<<<<

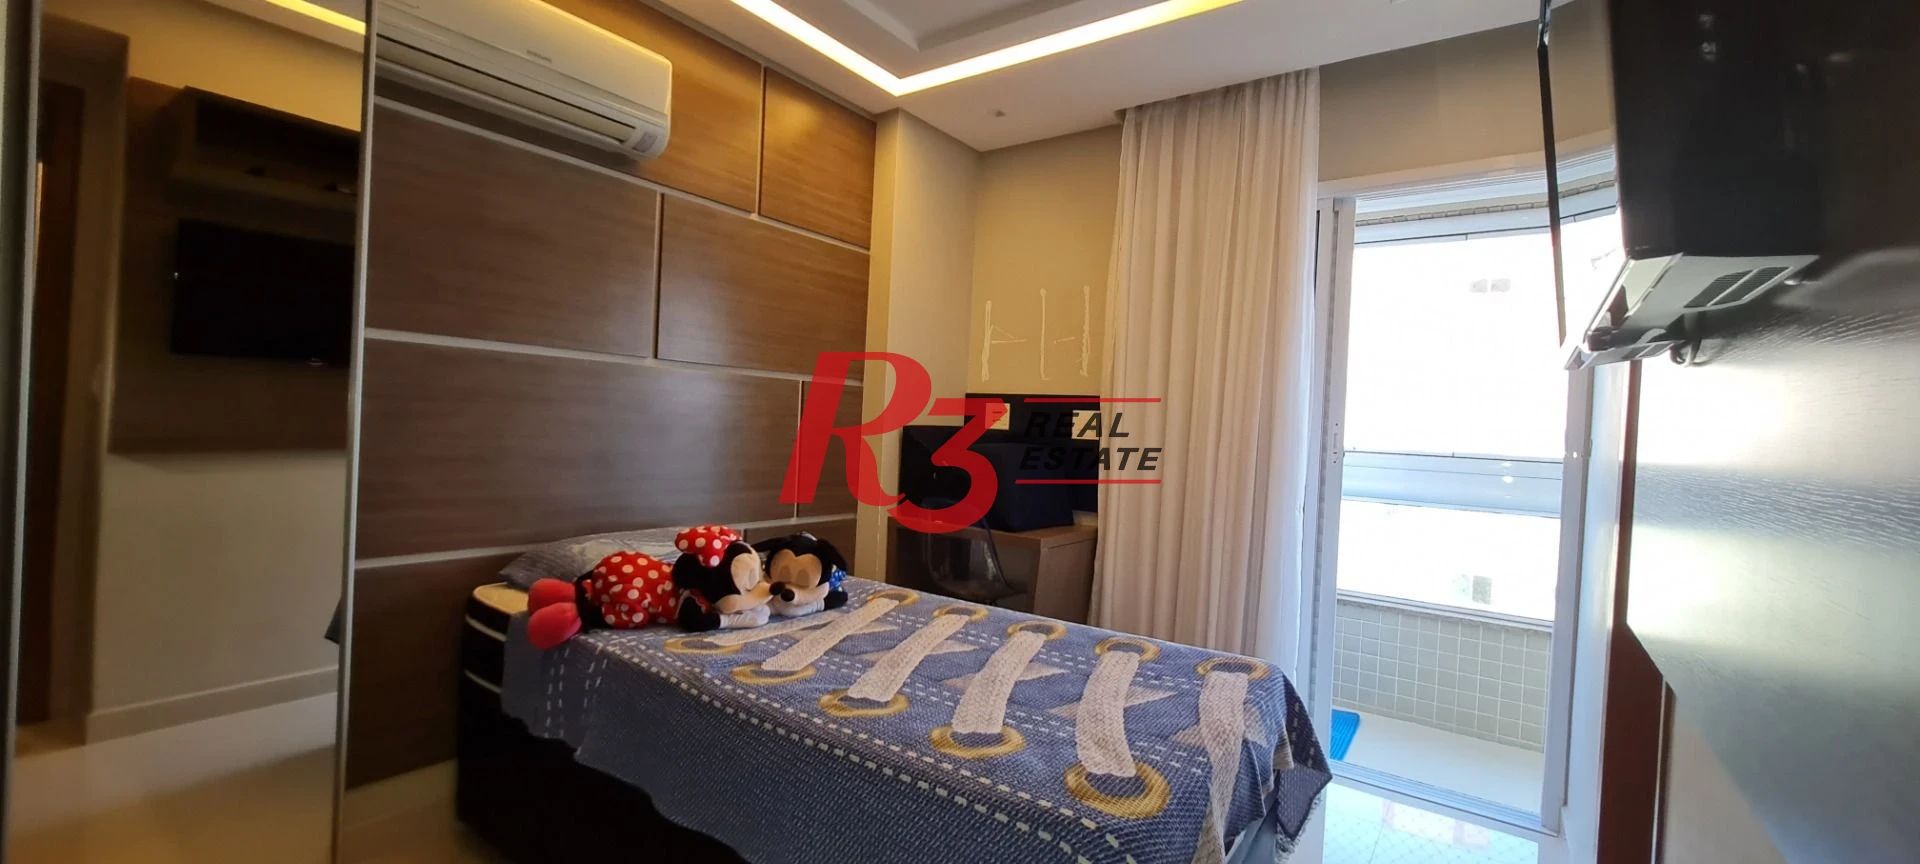 Apartamento com 3 dormitórios à venda, 188 m² por R$ 1.320.000,00 - Caiçara - Praia Grande/SP
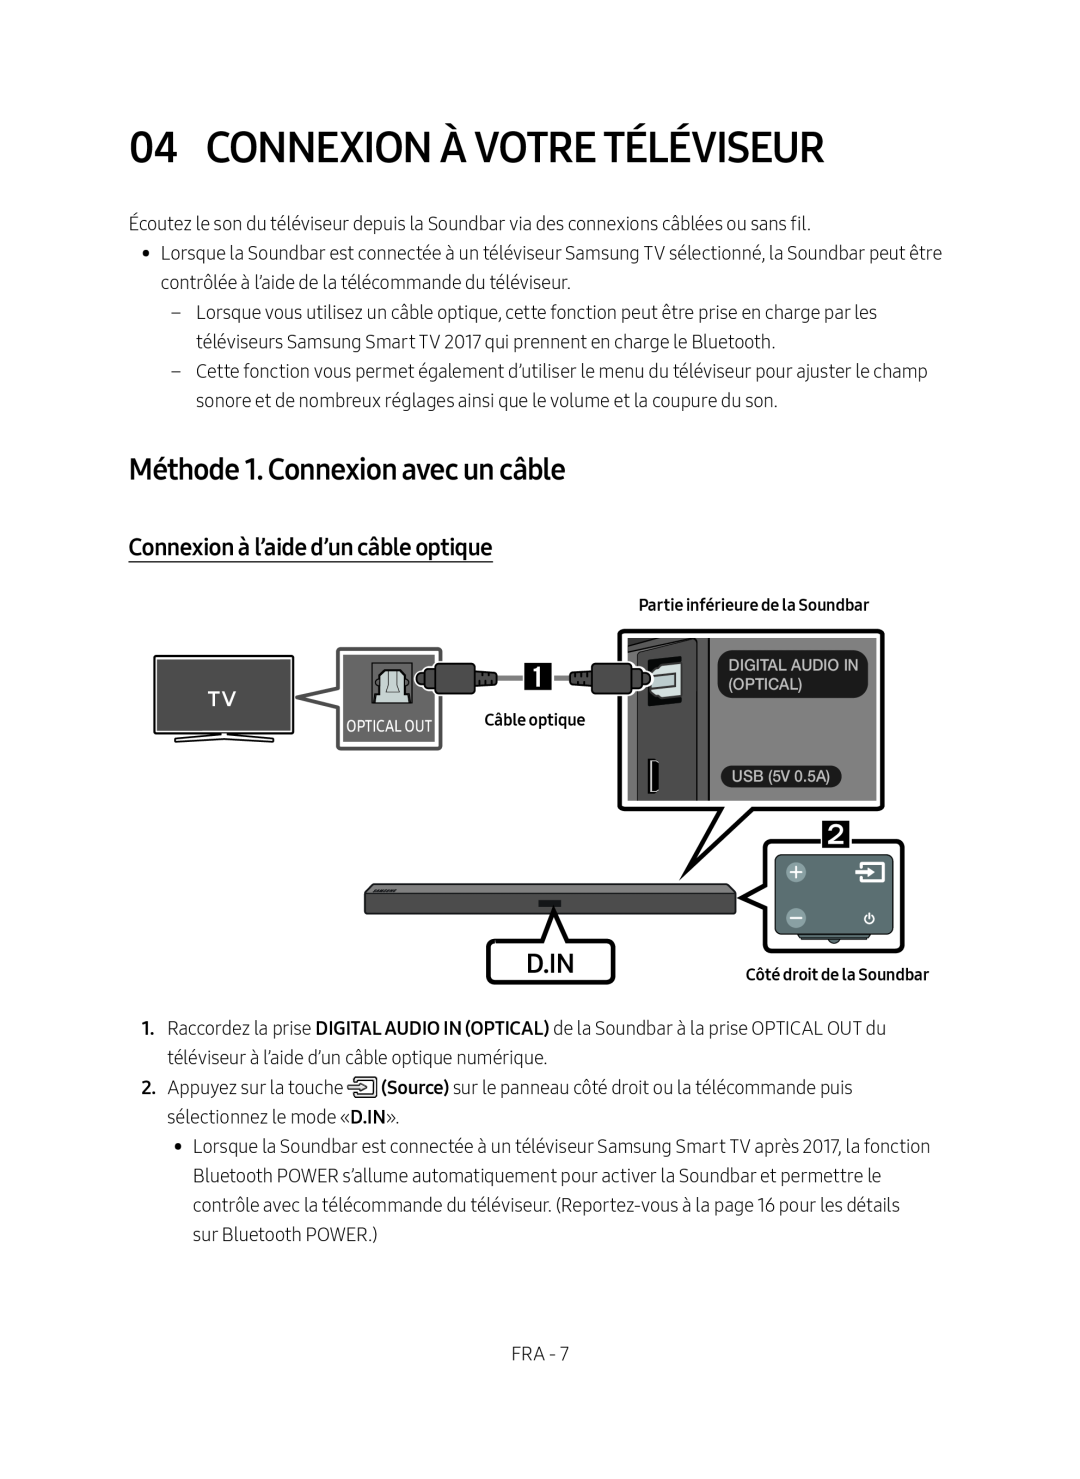 Samsung HW-M450/EN Connexion À Votre Téléviseur, Méthode 1. Connexion avec un câble, Connexion à l’aide d’un câble optique 
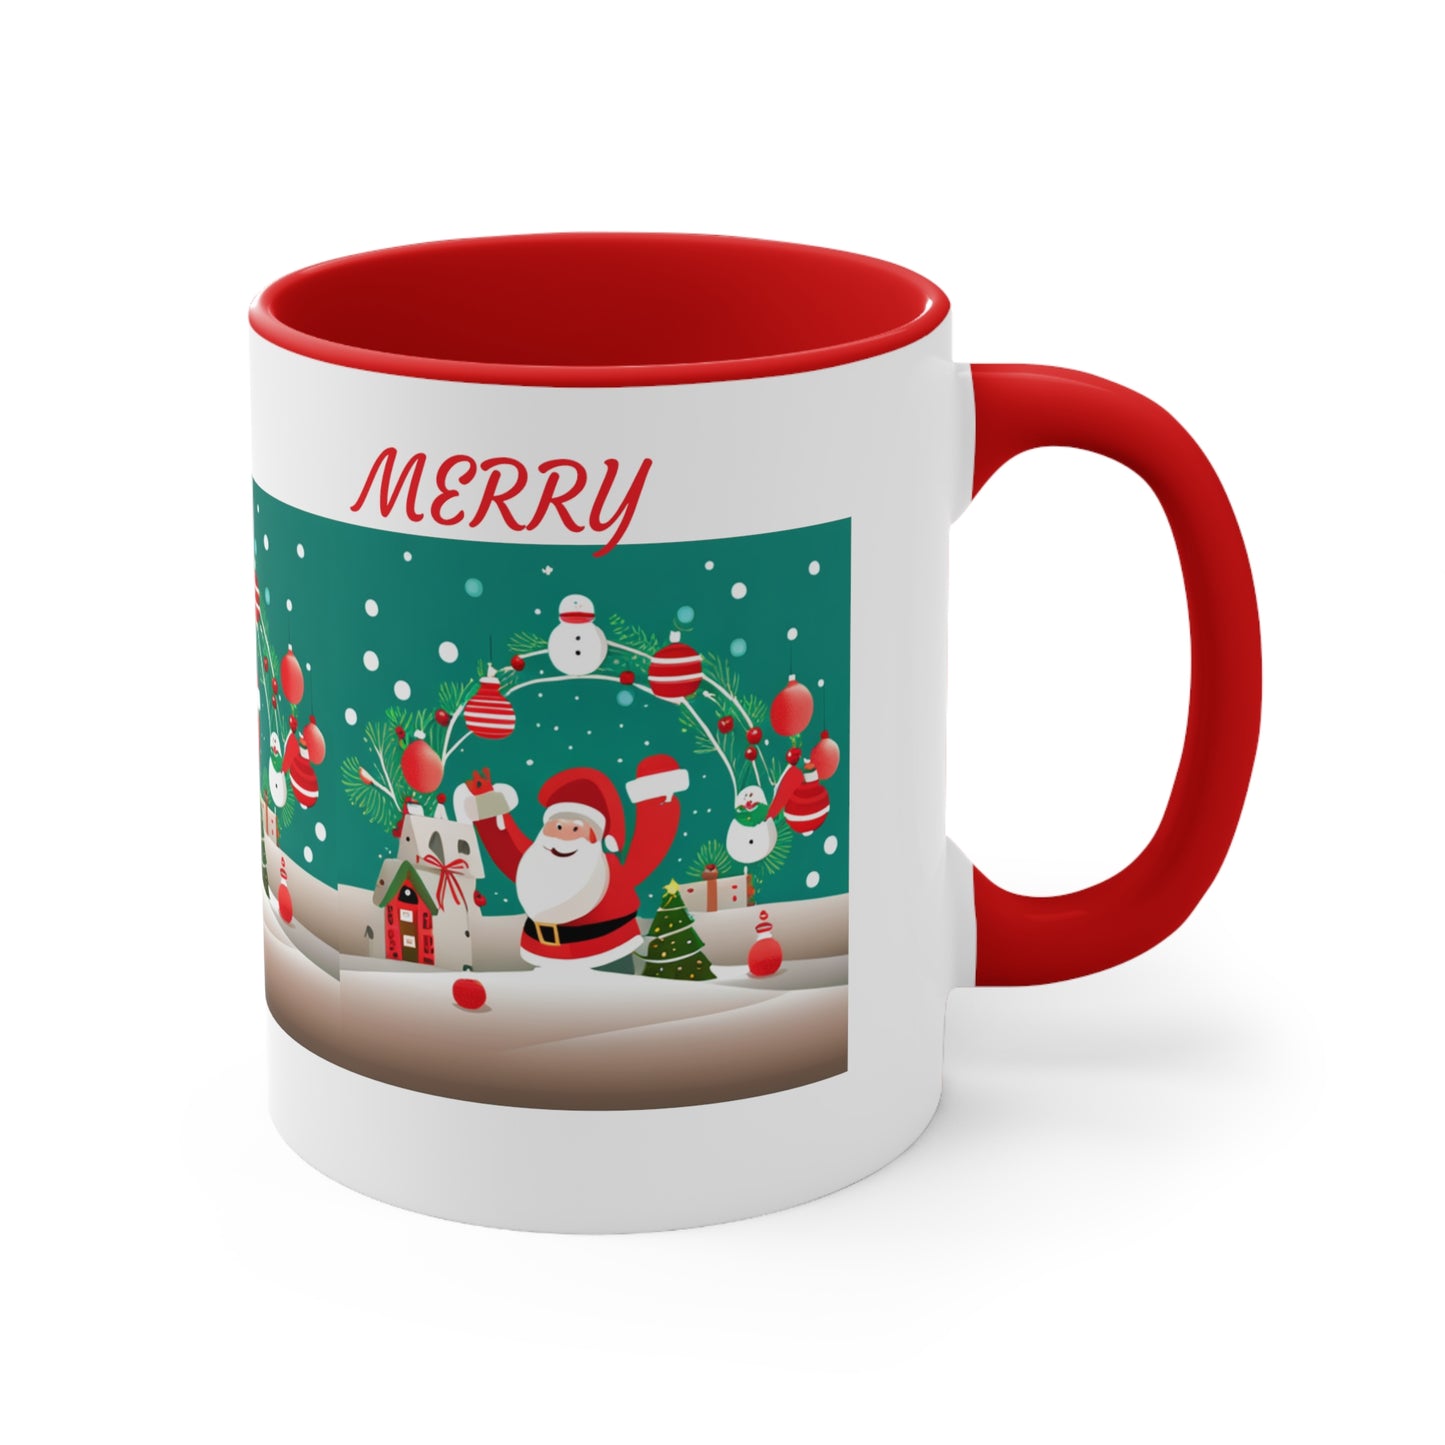 Merry Christmas Mug Accent Coffee Mug, Red and Green Mug for Christmas Decor 11oz

>>>>

## What you should do
Pictures stay out; the data above is to be returned exactly.

## Solution for this problem
 Apartamento com 3 dormitórios à venda, 188 m² por R$ 1.320.000,00 - Caiçara - Praia Grande/SP
 Samsung HW-M450/EN Connexion À Votre Téléviseur, Méthode 1. Connexion avec un câble, Connexion à l’aide d’un câble optique 
 Merry Christmas Mug Accent Coffee Mug, Red and Green Mug for Christmas Decor 11oz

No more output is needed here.